1. Redox regulatory mechanisms governing cell fate decisions.
In simple terms, cancer can be viewed as a state in which the balance between cell proliferation and cell death aberrantly favors the former. We and others have discovered that the intracellular redox environment exerts a profound influence on the normal cellular processes that regulate this balance including DNA synthesis, enzyme activation, selective gene expression, cell cycle progression, proliferation, differentiation, and apoptosis. In fact, it could be argued that redox homeostasis is more central to the governance of cell fate than any other biochemical phenomenon. However, this is a difficult area of study and molecular mechanisms mediating redox sensitivity and regulation are poorly defined. Motivated by these limitations, we have created novel genetic constructs that enable real-time and extended assessment of alterations in intracellular redox without cellular disruption. We are using these genetically-encoded redox biosensors to study compartmentalization of the cellular redox environment and to address the crucial question of whether tumor cells have lost the ability to mount the apparent changes in intracellular redox potential that accompany normal cell growth or alternatively an ability to sense these changes.
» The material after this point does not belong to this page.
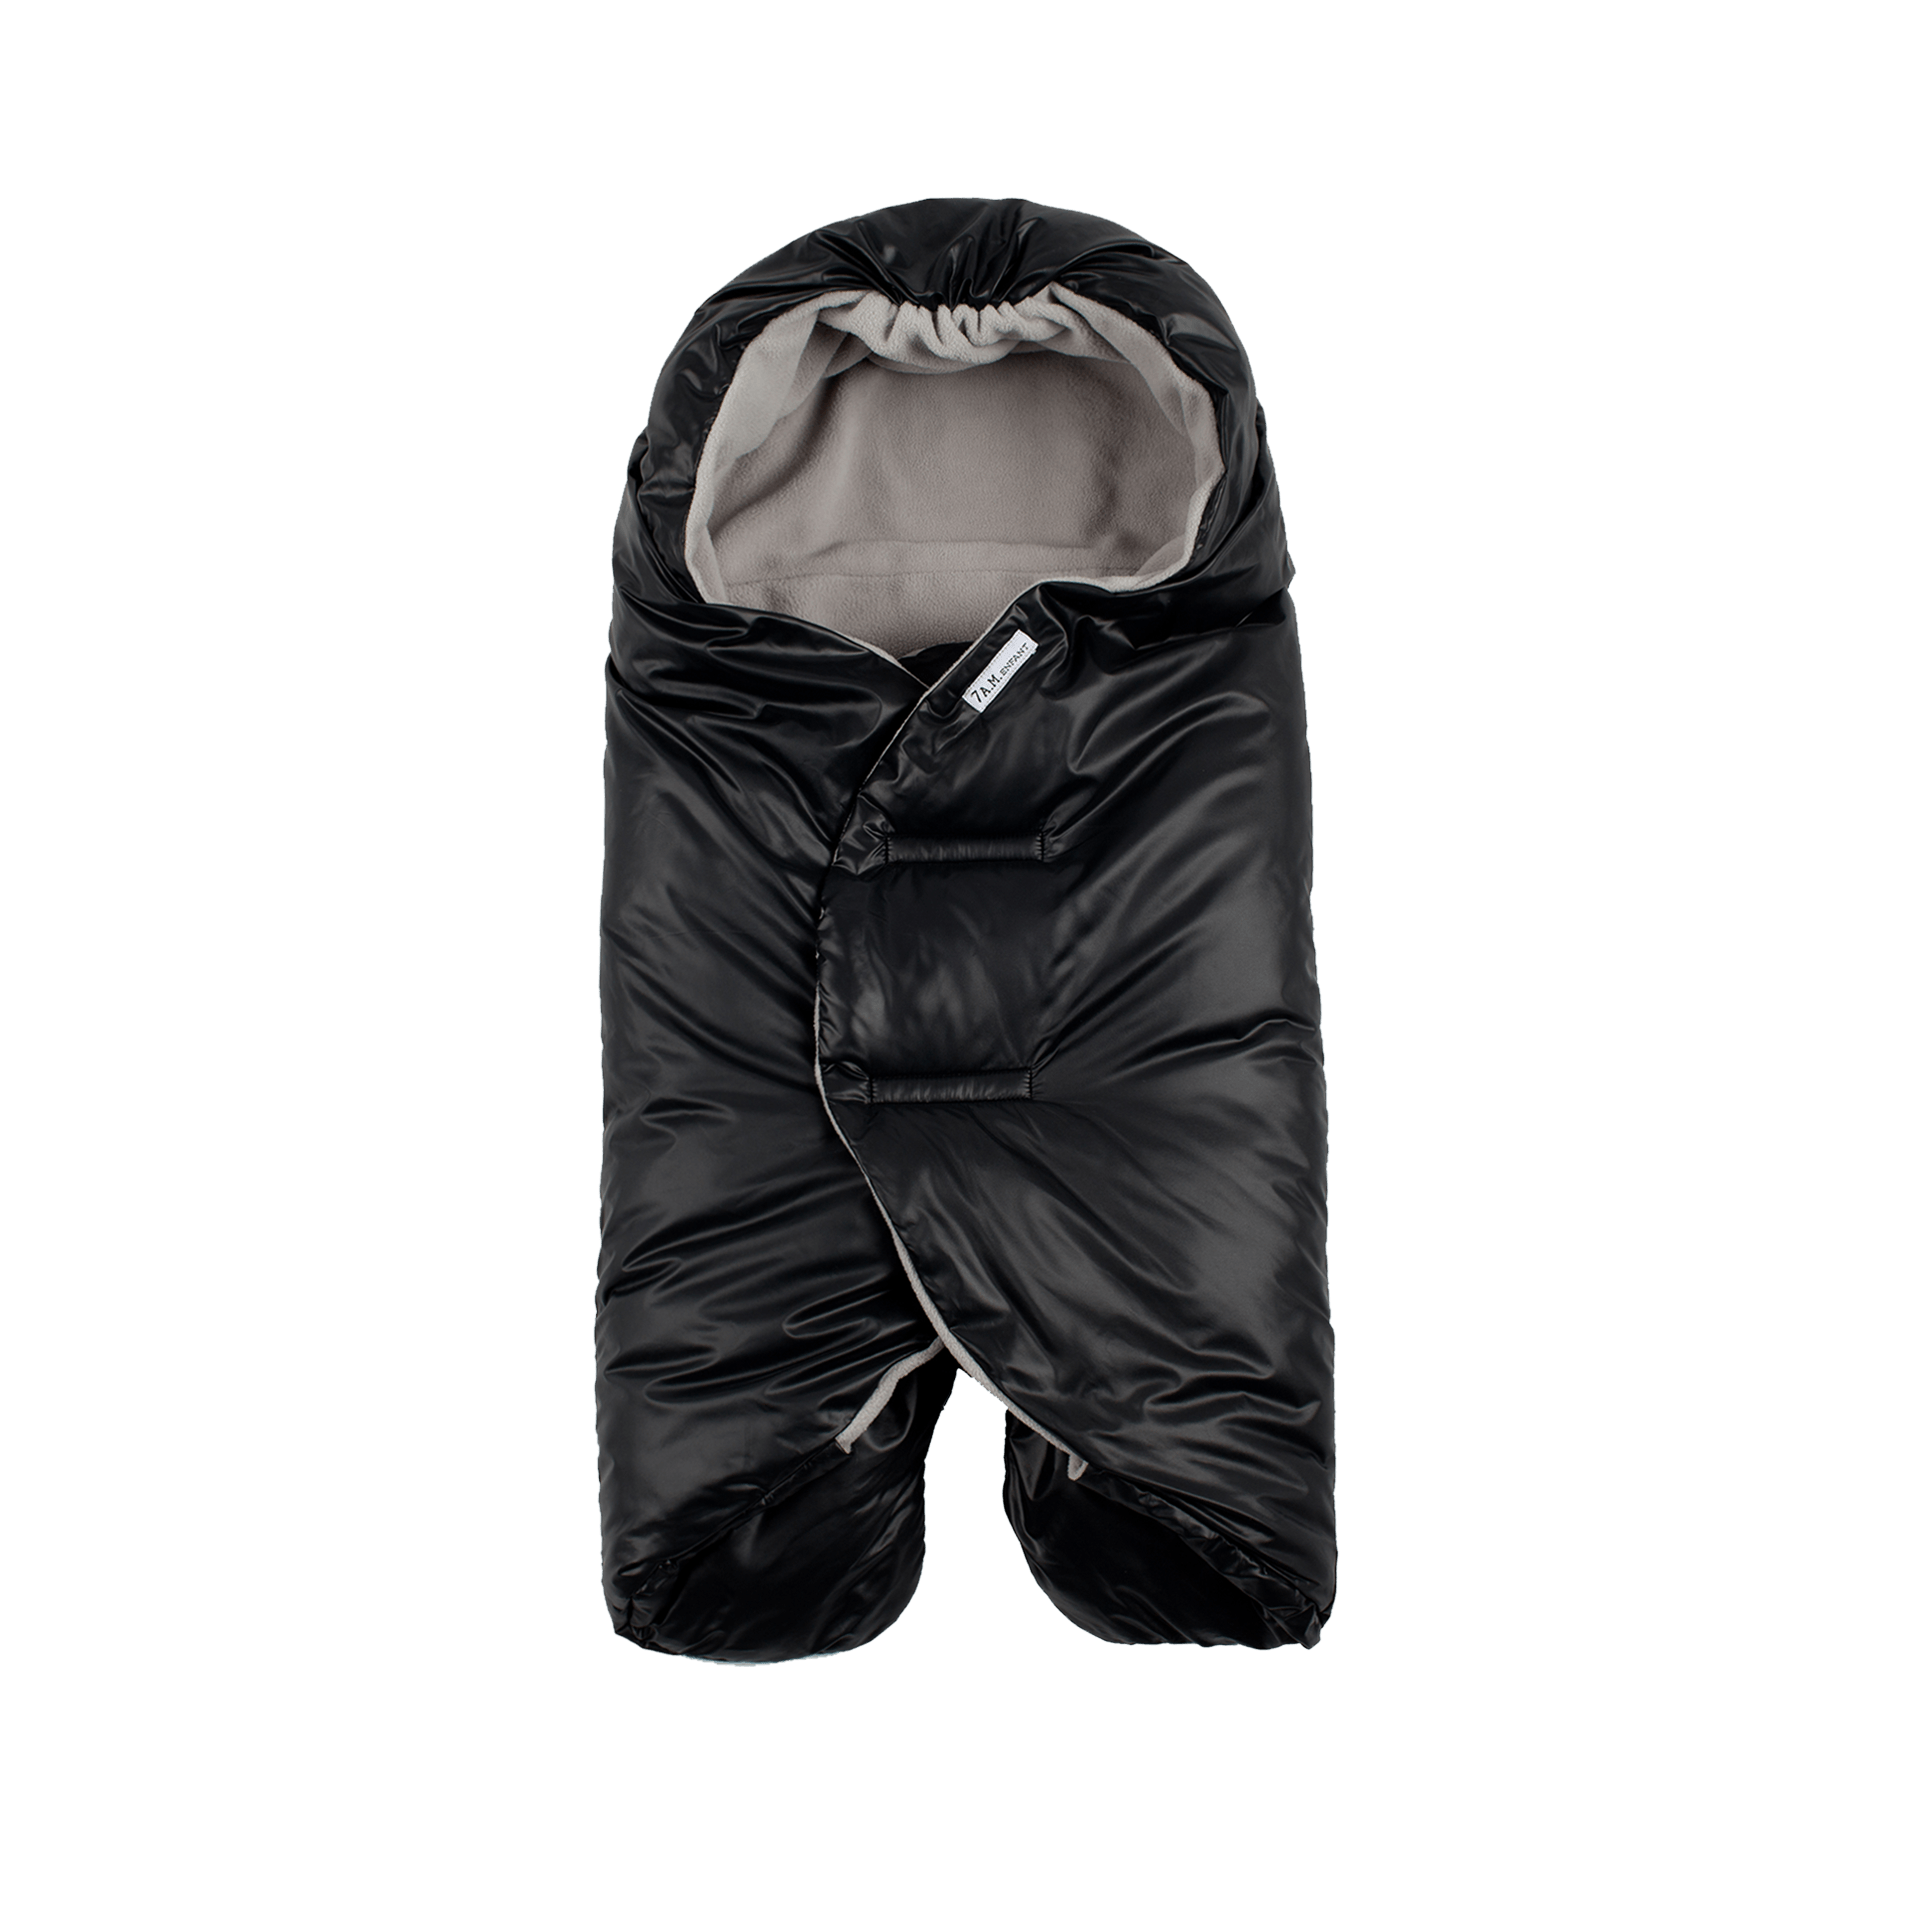 7 AM Enfant Nido Quilted Wrap, Black - ANB Baby -$50 - $75

In fermentation—the anaerobic process by which most colonic microbes gain energy—nutrient substrates are incompletely oxidized and the reduced fermentation products serve as terminal electron acceptors. In such cases, the amount of energy (ATP) that can be produced depends on the difference in redox potential between the substrate and the reduced end products. Another distinction is that in fermentation the reduced pyridine (NADH) and flavin (FADH) nucleotides must be reoxidized to maintain redox balance, a reaction that is the primary source of H2 in the colon. Accordingly, the production of H2 by hydrogenogenic microbes is crucial to the efficiency of fermentation. However, H2 accumulation would rapidly lead to a H2 partial pressure that would thermodynamically restrict further fermentation. Such an outcome typically is prevented by the simultaneous oxidation of H2 by three groups of hydrogenotrophic (H2-utilizing) microbes that conserve energy through anaerobic respiration: reductive acetogens, methanogenic archaea and sulfate-reducing bacteria [SRB]. We are pursuing studies to determine the extent of individual variation in the abundance and diversity of the three groups of hydrogenotrophic microbes and how diet and genetic background influence interactions between hydrogenotrophic microbes and fermentative bacteria. A goal is to determine the extent to which dysbiosis in microbial hydrogen metabolism may be linked to colonic disorders.
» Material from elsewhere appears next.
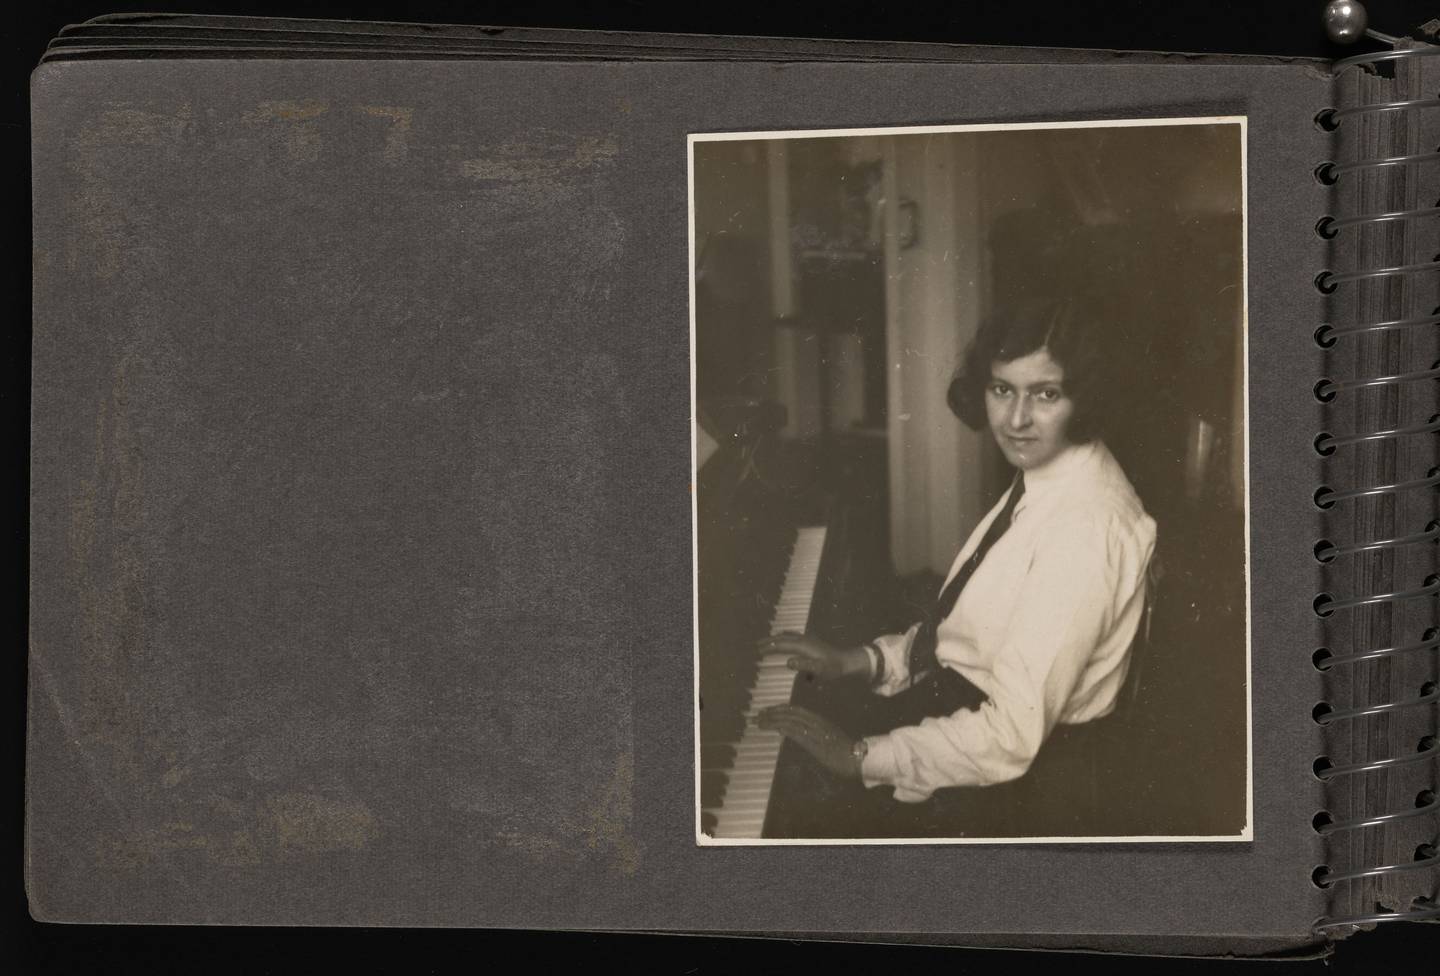 Undated photo of Agi Jambor, from her husband, Imre Patai's, diaries and albums.

Microbial sulfur metabolism in the human colon is likely more extensive than has been previously recognized. For example, H2S, the sulfated compound with the highest potential influence on digestive health, can be generated from cysteine degradation as well as via dissimilatory sulfate reduction. We are also examining the extent to which organic sulfur metabolism by resident microbes is operative in the human colon, how diet influences relative activities of the enzymatic pathways involved, and which microbial groups carry out these processes. A long-term goal is to understand how multifactorial interactions among host genotype, diet and epithelial responses to bacterial-derived sulfide may contribute to IBD-associated or sporadic colorectal cancer.